In this exclusive MedPage Today video, Steven Nissen, MD, of the Cleveland Clinic, joined us at the recent American College of Cardiology meeting in New Orleans to share his excitement for the potential of continuous glucose monitoring as a method for reducing cardiovascular risk.
Following is a transcript of his remarks:
I’m personally very excited about continuous glucose monitoring, and I’m particularly excited that we’re now seeing the first of a generation of closed-loop systems where there’s actually an adjustment of insulin dosage based upon real-time data with respect to blood glucose. We’ve waited for decades for this to mature and there are several things to think about. One is that hypoglycemic episodes are not good for people, and the problem with giving insulin based upon intermittent finger-stick glucoses is that you never know exactly at any given point in time what you’re actually doing. You don’t know in the middle of the night, for example, whether or not someone is getting a very low blood sugar.

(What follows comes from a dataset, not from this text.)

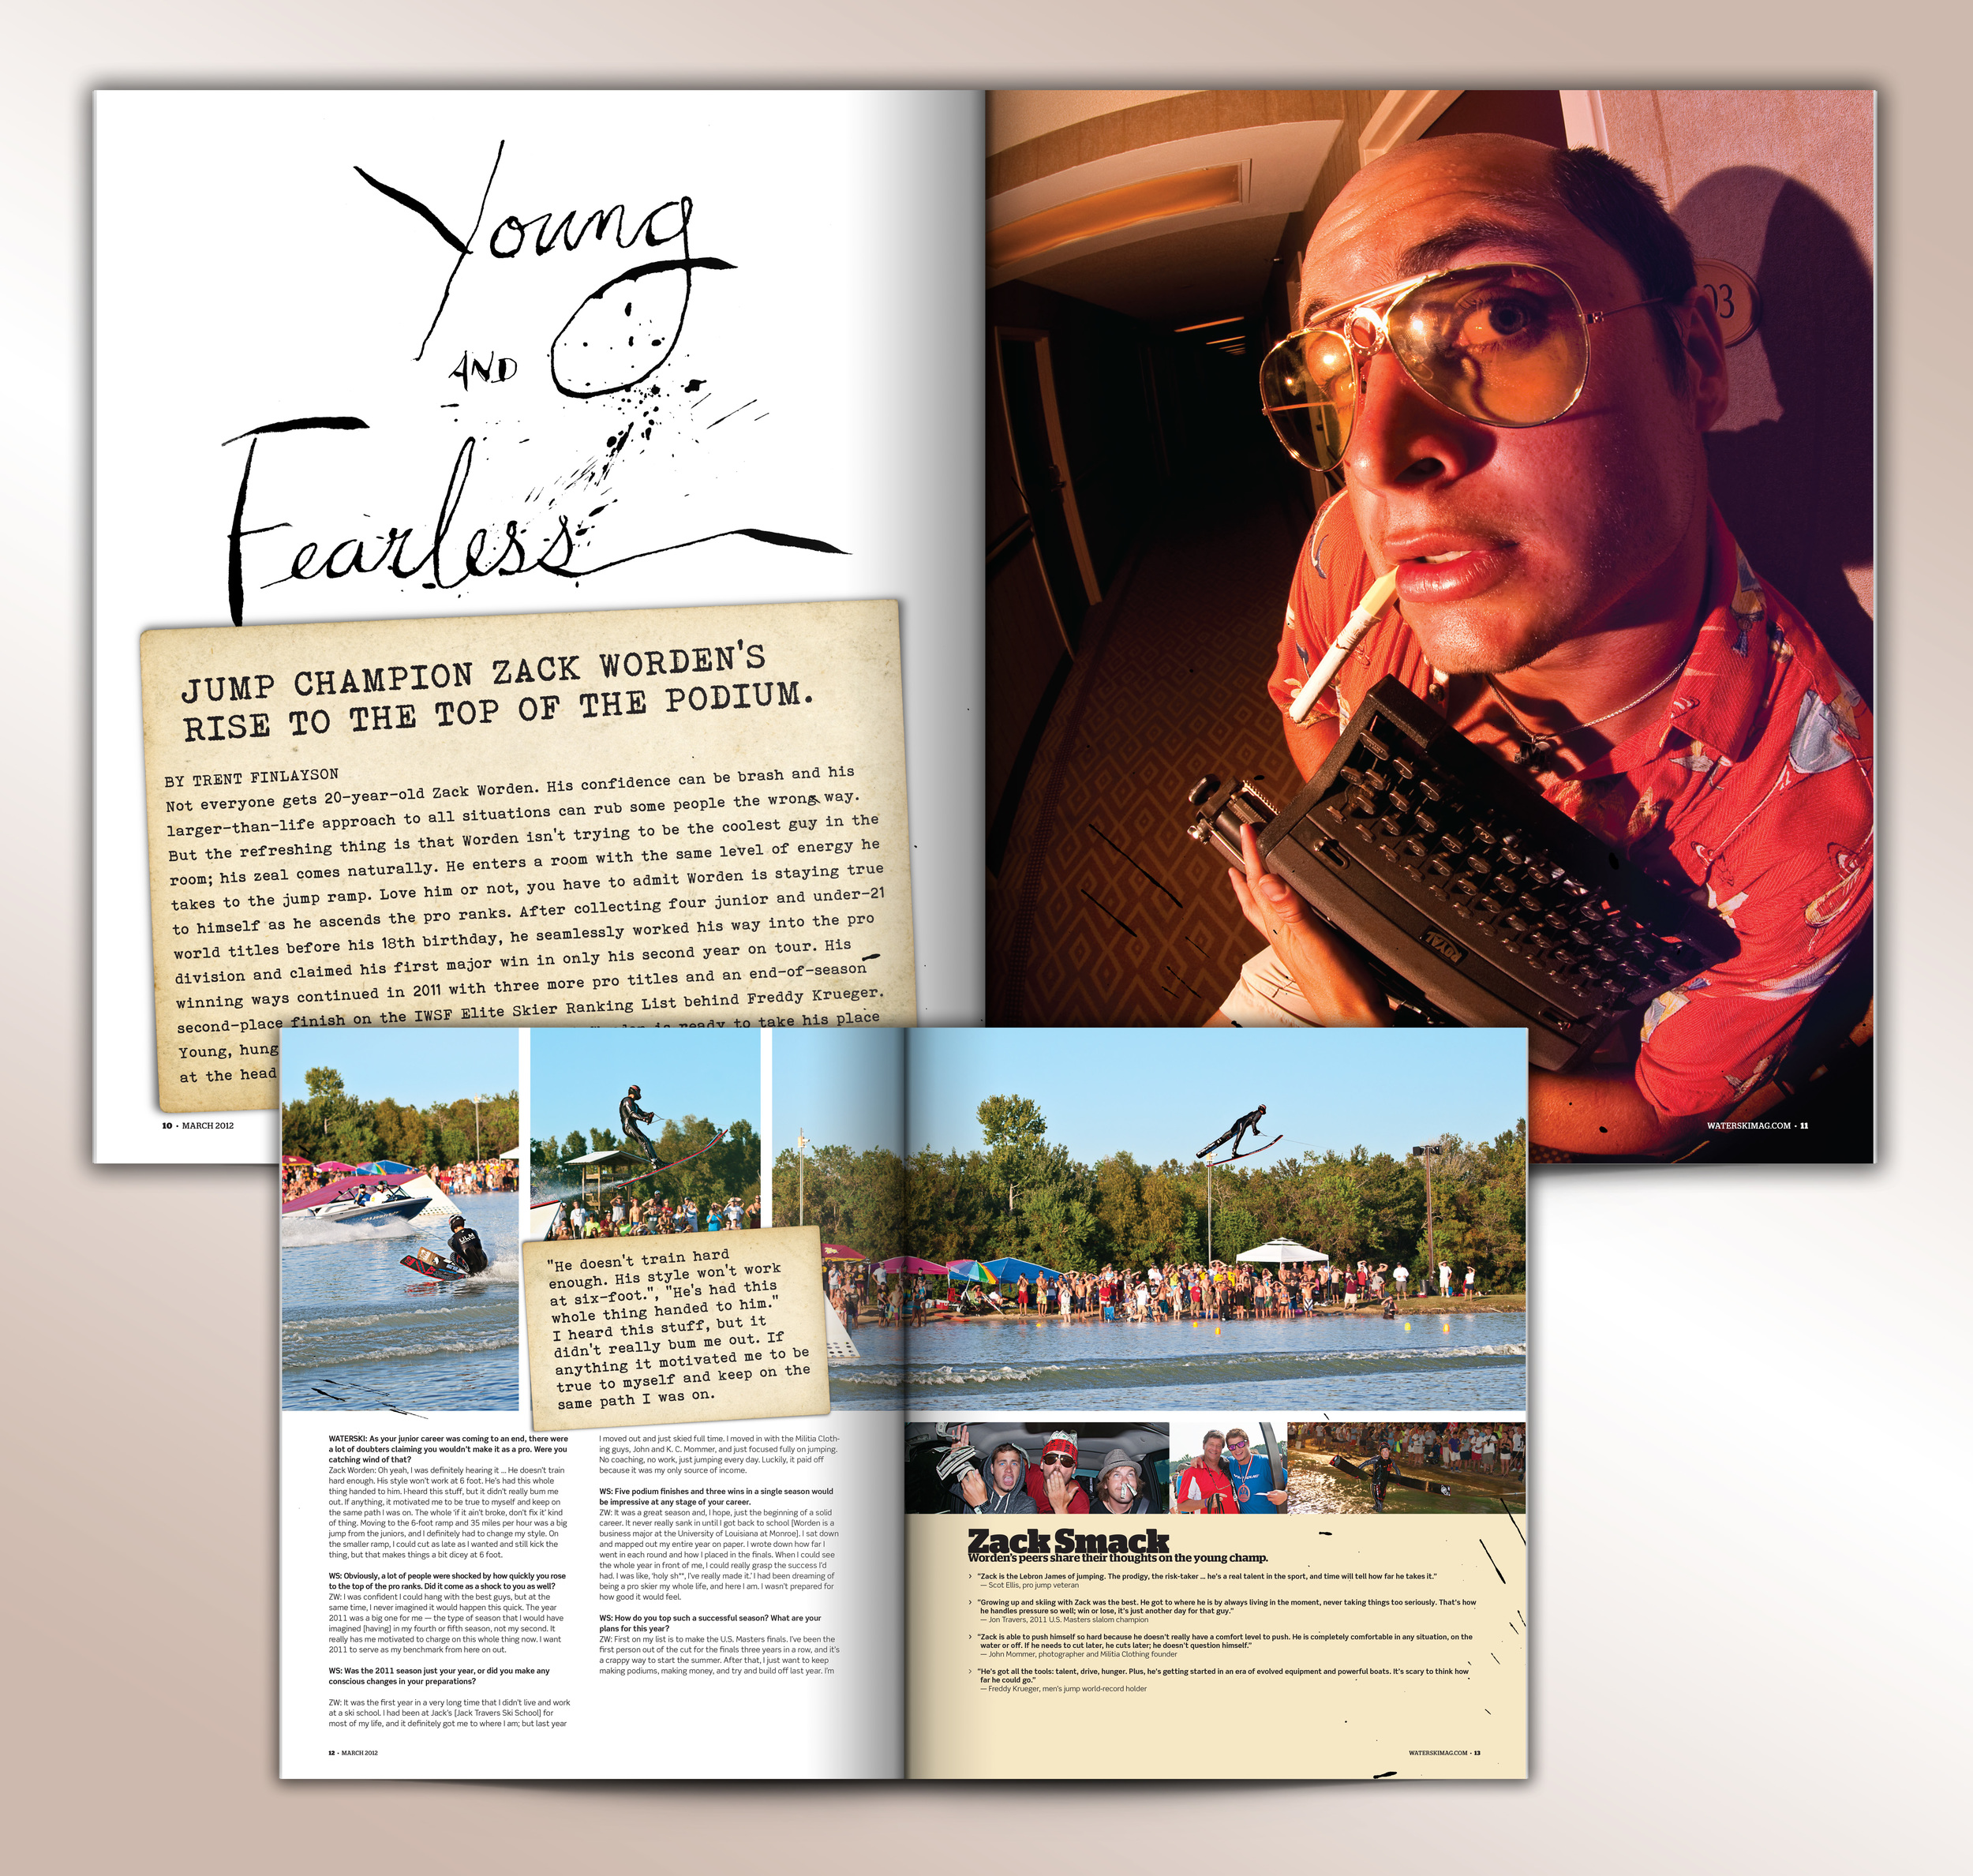 Waterski_Magazine_pages_layout_3.jpg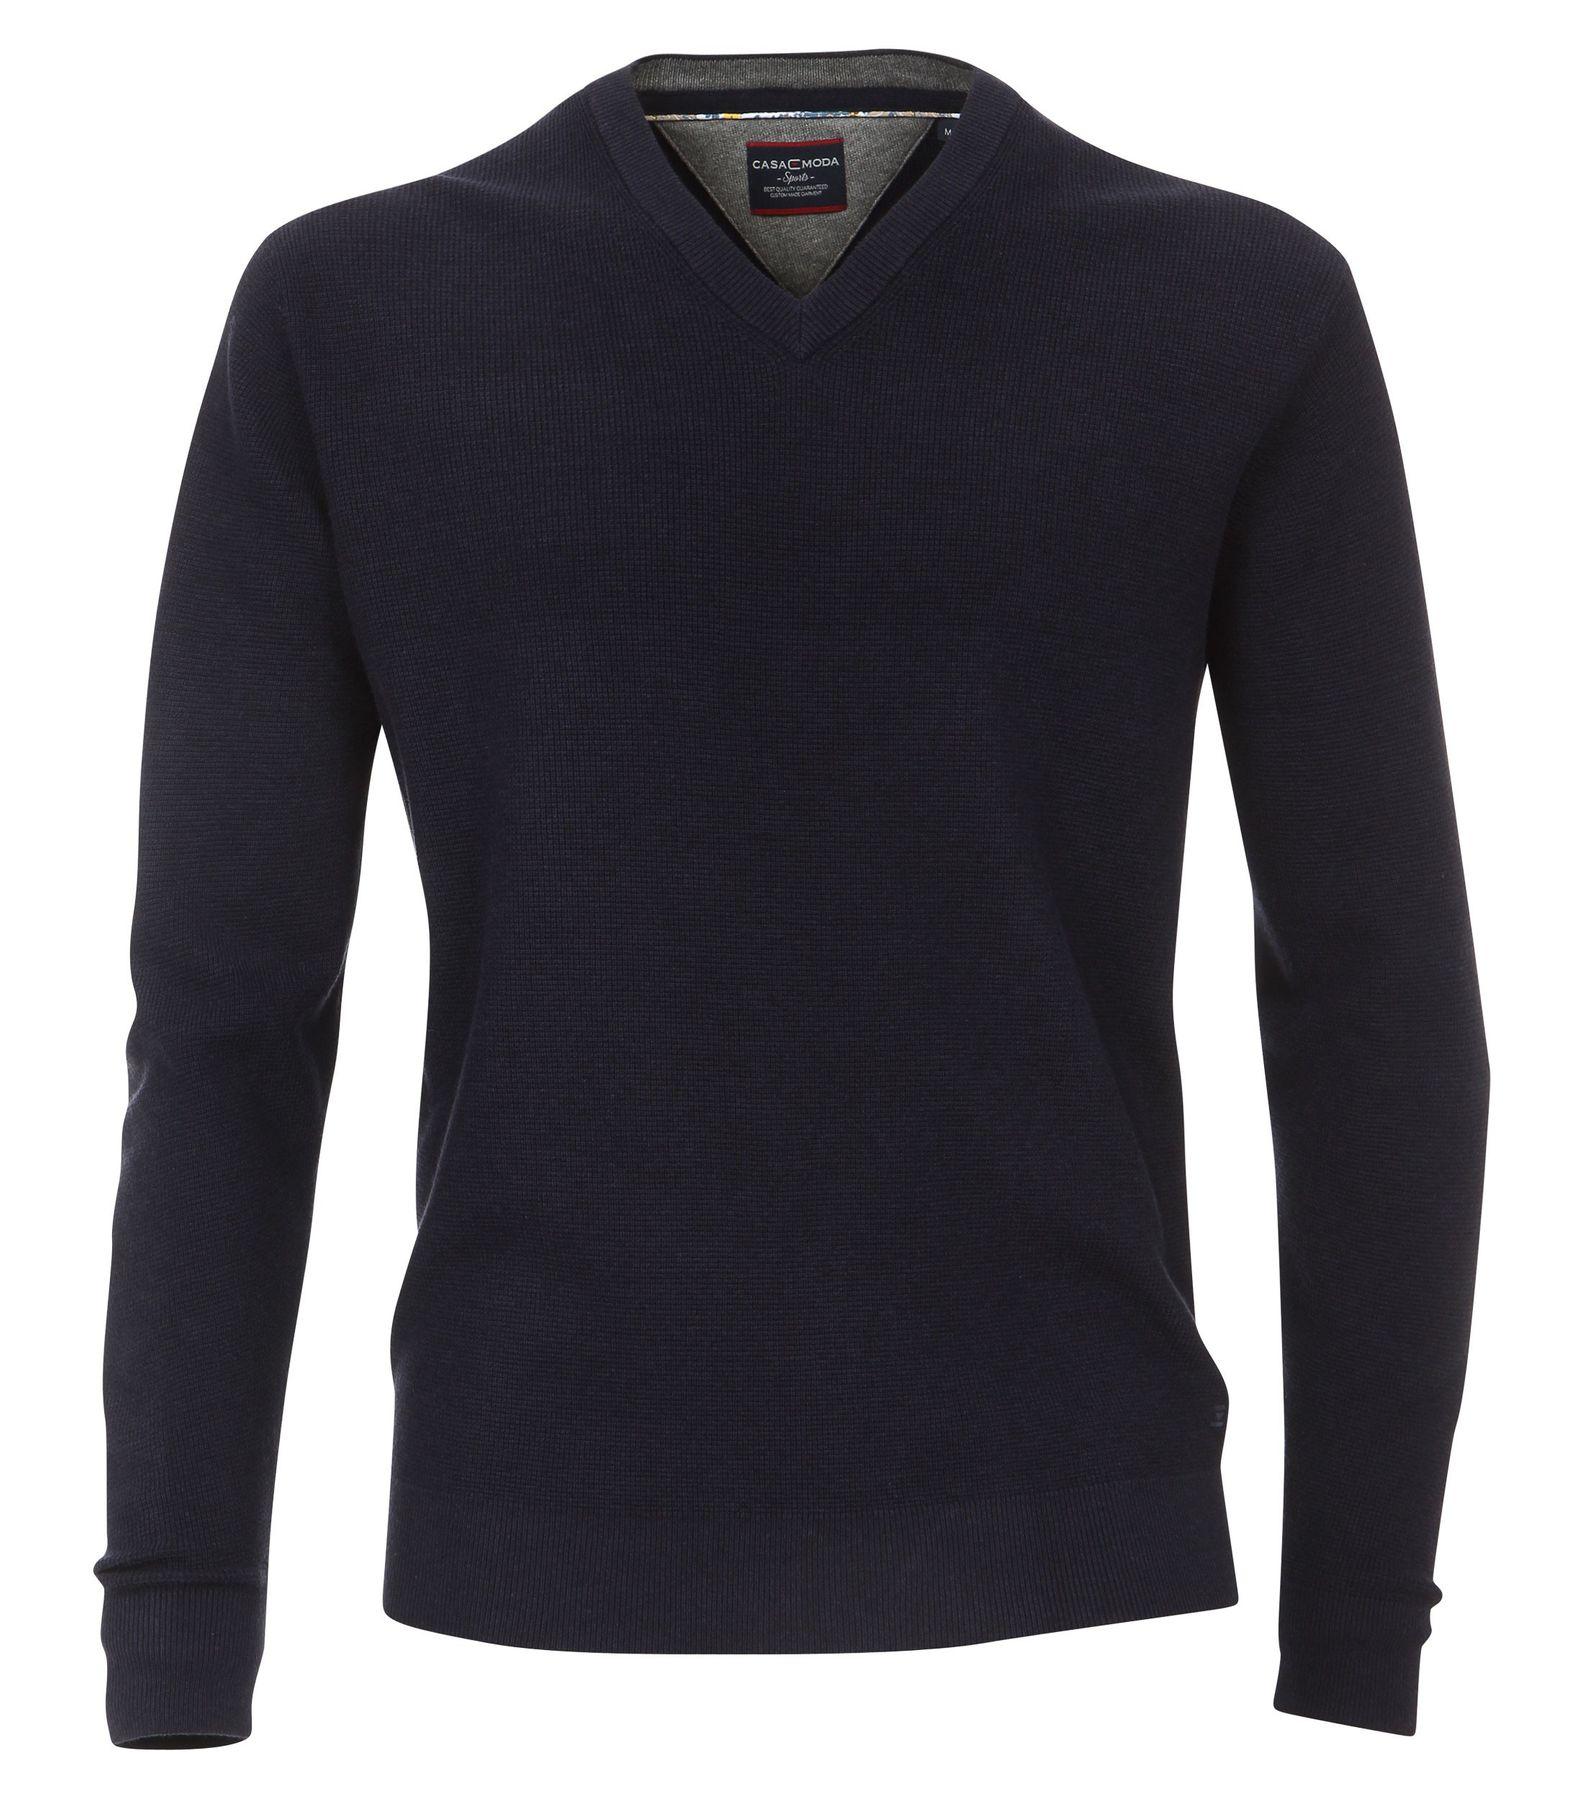 Casa Moda - Unifarbener Herren Pullover mit V-Ausschnitt  (472625000A) – Bild 1

There’s lots of reasons to believe that hypoglycemic episodes have adverse cardiovascular consequences. What happens when blood sugar goes low and the response is an adrenaline surge. Those surges in adrenaline raise heart rate. They raise blood pressure. They do a lot of other things that may have adverse effects on the cardiovascular system. Smoothing out those extreme oscillations in blood sugar in insulin-dependent diabetics has the potential to yield a reduction in adverse cardiovascular outcomes, but it needs to be studied.
One of the challenges we have in medicine is that the device industry doesn’t like to do big, complicated, and expensive trials for a variety of reasons that, again, are off topic, but can we get a … I mean, if you look at the diabetes trials now underway, some of them are more than 10,000 patients. I don’t think we would have an easy time getting funded a 10,000-patient study of continuous glucose monitoring as a means to lower cardiovascular risk, but it should be done because it has a lot of potential. It is a more physiological way to deliver insulin based upon continuous measurements. It’s not perfect, but it is a huge step in the right direction.